Batoul points out that “many workers in the polluted sites are not full time Government employees. Some of them work on daily wage basis with a monthly income of (250) thousand dinars (200 dollars), and others are contracted with salaries not exceeding 400 thousand dinars (325 dollars)”.
The number of daily workers who work in the Ministry of Science and Technology (merged with the Ministry of Higher Education) is 138 employees distributed among the directorates of the ministry, 33 of them belong to departments directly concerned with radiation work in the directorates of atomic energy, 14 of them are employees in the directorate of radioactive waste treatment, and 7 in the Directorate of Liquidation of Nuclear Facilities, and 12 others in the Directorate of Sites support.
According to February 2018 daily workers’ salaries sheet, the daily wage for a worker in the directorates of radioactive waste treatment, liquidation of Nuclear facilities and site support, amounts to only (10) thousand dinars (about 8 dollars).
Administrative Chaos …
Staff of the Atomic Energy Directorates complain of administrative chaos that they fall victim to, as they were following the Ministry of Science and Technology, but the directorates of Al-Tuwaitha site and the Ministry of Science and Technology were all merged with the Ministry of Higher Education and Scientific Research.

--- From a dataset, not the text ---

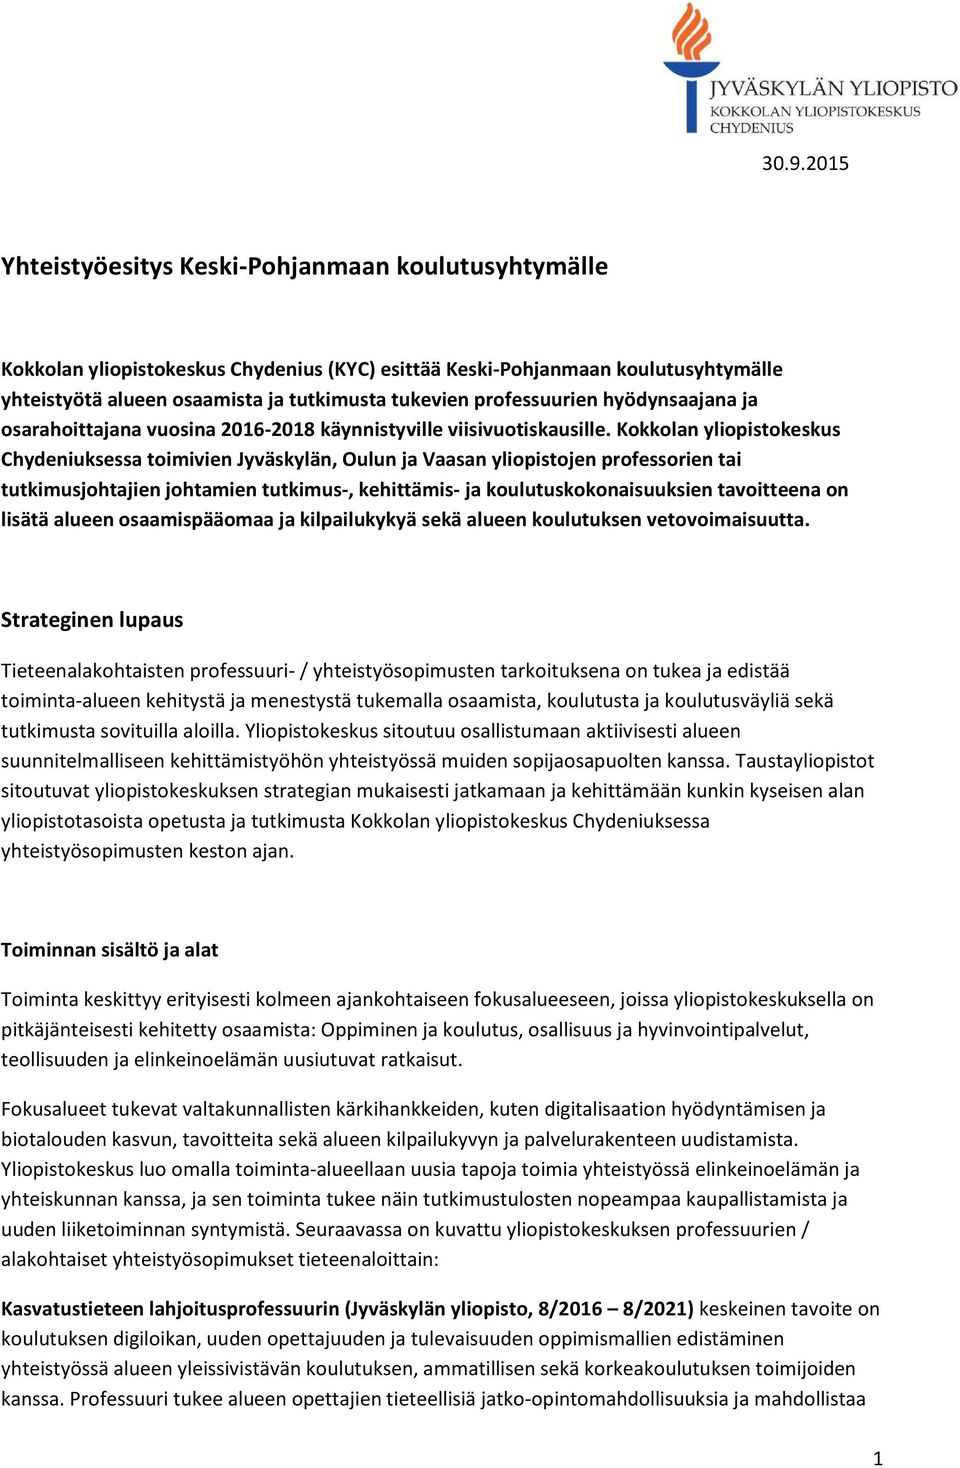 Kokkolan yliopistokeskus Chydeniuksessa toimivien Jyväskylän, Oulun ja Vaasan yliopistojen professorien tai tutkimusjohtajien johtamien tutkimus-, kehittämis- ja koulutuskokonaisuuksien tavoitteena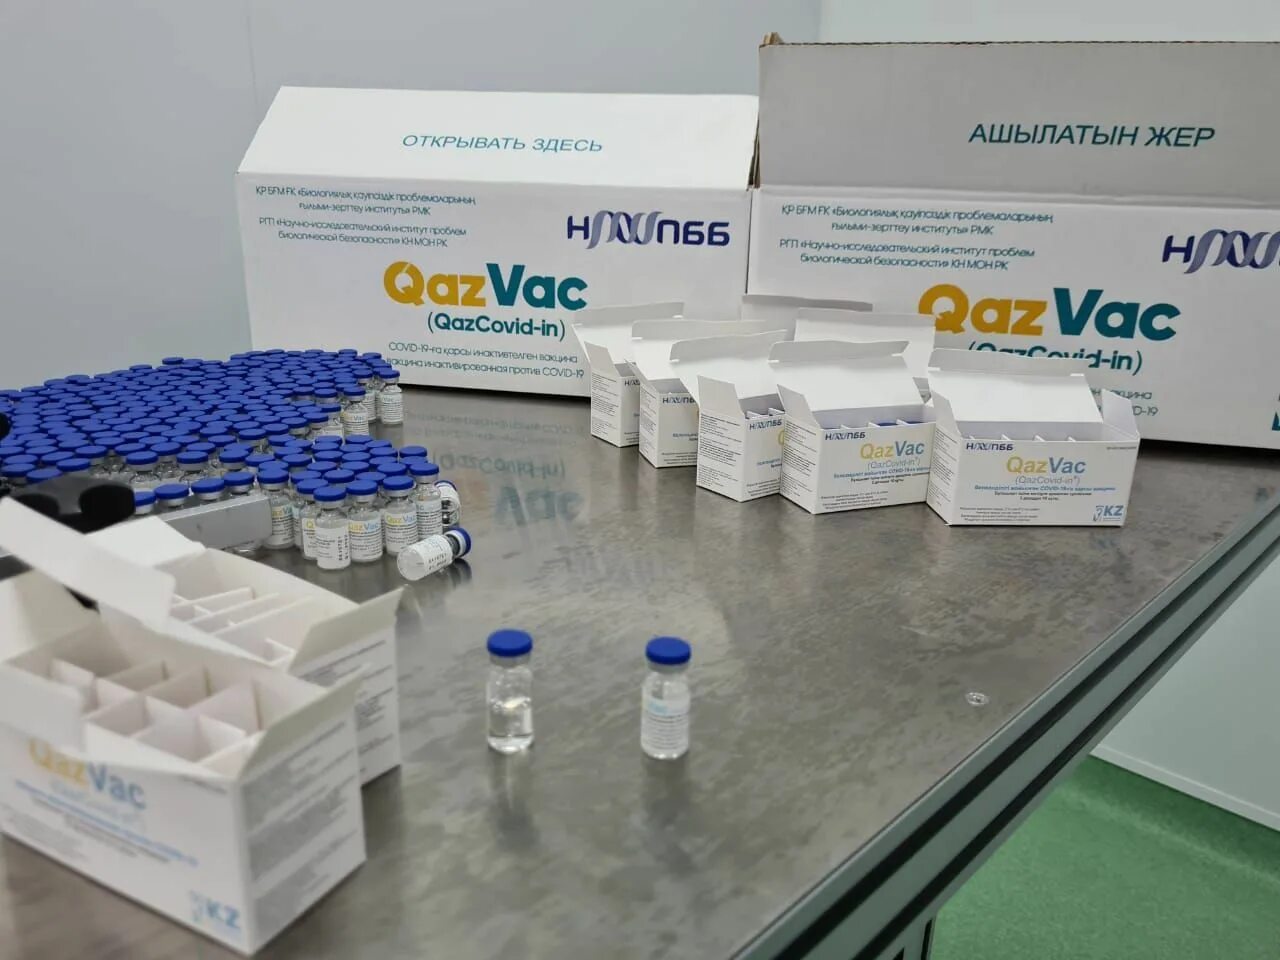 Qazvac. Воз вакцина от коронавируса. Казвак картинки. Казахстанская соплиника. Вакцина казахстан

Legal expert, Jamal Al-Asadi, describes the transfer of employees of the Atomic Energy Directorates to the Ministry of Education, as a great mistake, stressing that “the work scope of these directorates’ has no ties with the Ministry of Education.”
Al-Asadi added, “It was necessary to include these departments and any other units concerned with Radiological and Nuclear work within the (Iraqi Atomic Energy Commission) that was formed in January 2017, because the work of the two directorates consists with the work of the commission.”
Employees of the Atomic Energy Directorates complain about their low salaries, which prompted them in March 2019 to sign a petition requesting an increase in their financial dues, in line with what was stated in the Atomic Energy Commission Law.
Commenting on the low salaries, Al-Asadi says that the Atomic Energy Commission Law, specifically Article 18 of it, is relatively fair to the Commission’s employees, “but the Tuwaitha departments did not join the Commission, which did not start in the first place. As a result, the employees are the only victims.”
Dr. Shukri Al-Hassan, who is an Environment researcher, says that Iraq was considered as one of the clean environments that was completely free of radioactive contamination, despite the destruction of the Tammuz reactor, in which there was no dangerous leak of radiation outside the site.
But the problem of radioactive contamination, according to Al-Hassan, “worsened after 1991 and the bombing of Iraq with hundreds of bombs containing depleted Uranium, in addition to the 2003 US use of munitions containing highly depleted Uranium,” which is estimated at (2000) tons according to Dr. Al-Hassan.
Before 1991, the radiation exposure in Iraq did not exceed (7.5 parts per million Rotingen / hour), but it increased to (8.08) parts per million Rotingen / hour, according to the Radiation Protection Center.
That reality requires great efforts to reduce the risks of radiation to humans and to the environment. The bulk responsibility falls on the shoulders of Iraqi workers, experts and employees who lack adequate protection means.
“Nobody cares,” says Doha Namiq, looking at her husband’s picture hanging on the wall of their modest home, then continues, “I have pity on the Radiation workers … I hope they will not meet Mahmoud’s fate.”
* The names of the speakers were hidden at their request for fear of persecution.
* The investigation was carried out with the support of the “NIRIJ” Network for Investigative Journalism and under the supervision of Ahmed Al-Rubaye.